If a particular right of set off existed prior to the opening of insolvency proceedings then this right of set off will continue to exist in the insolvent company’s insolvency. In case a right of set off arises after the opening of insolvency proceedings, set off may be restricted.
Are there any statutory or third party interests (such as retention of title) that may take priority over a secured lender’s security in the event of an insolvency
In the event of an insolvency, the retention of title or the prolonged retention of title in which the conditional purchaser additionally assigns his future claims arising from the resale in advance to the conditional seller may take priority over the lender’s security.
Moreover, common practice among banks is the use of a lien approved, within the general terms and conditions that serves to secure all existing and future claims of the bank arising from the business relationship between the bank and the customer. In addition, the statutory lessor’s lien on the lessees property brought into the rental object may be relevant.
Are there any impending reforms in your jurisdiction which will make lending into your jurisdiction easier or harder for foreign lenders?
No such reform plans are known.
What proportion of the lending provided to companies consists of traditional bank debt versus alternative credit providers (including credit funds) and/or capital markets, and do you see any trends emerging in your jurisdiction?
The role of alternative credit (e.g. credit funds, insurance companies) has increased considerably in recent years. In particular in the acquisition finance, real estate finance and asset based lending space there is a growing amount of alternative credit available and the number of actual transactions where funding has been provided through alternative sources of credit has increased and, in same markets, represent the majority of transactions.
Please comment on external factors causing changes to the drafting of secured lending documentation and the structuring of such deals such as (i) Brexit (ii) LIBOR transition and/or (iii) COVID 19
In relation to BREXIT, we do see an increasing number of transactions where bail-in language will need to be added to transaction documents in order to cater for the requirements applicable to banks regulated in the EU. In some transactions, parties decided to include bail-in language in the security documents.
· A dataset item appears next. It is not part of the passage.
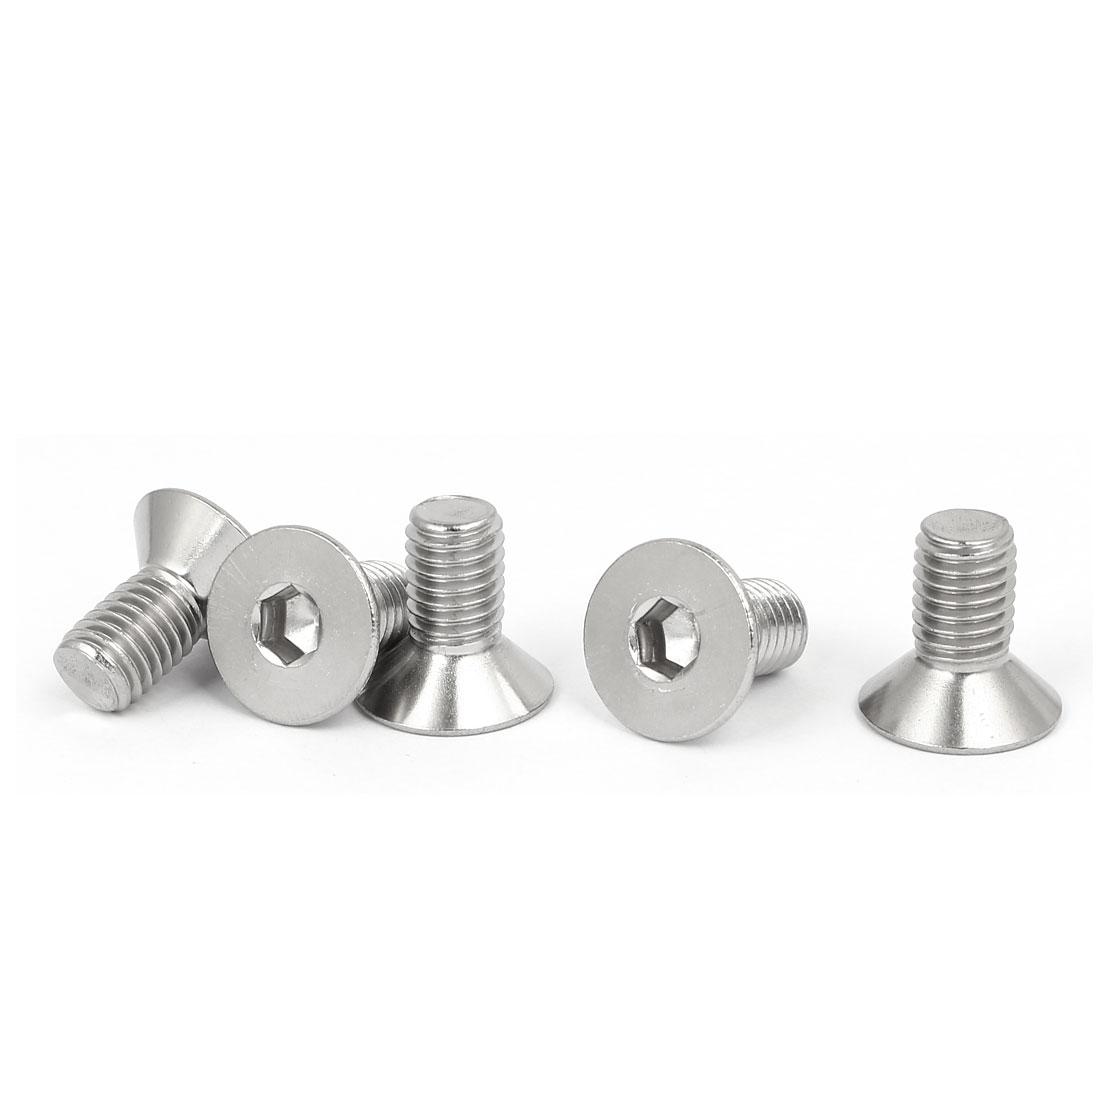 M8x16mm 316 Stainless Steel Fully Thread Flat Head Hex Socket Cap Screw 5pcs

In addition, parties are more concerned with licensing requirements as EU-passporting will no longer work for UK domiciled lenders which causes certain roles (lender of record, agent/trustee) to be permored by continental entities.
The LIBOR transition has no particular bearing on German law governed lending transactions that would set them apart from those governed by other laws; parties would usually agree on a new benchmark rates and interest calculations, based on LMA recommended provisions (including on compounded interest).
COVID 19 has caused lenders and borrowers to discuss financial covenants in light of potential adjustment. This has certain effects on new transactions as parties seem to be more cautious when discussing and agreeing adjustment provisions (with a view to phrase those slightly more narrowly). COVID 19 requires parties to adjust certain transactions to the effects of the pandemic but the necessary changes to the existing documentation, namely covenant holidays pared with the introduction of liquidity covenants, is a trend addressing existing deals rather than setting a trend for documentation in general.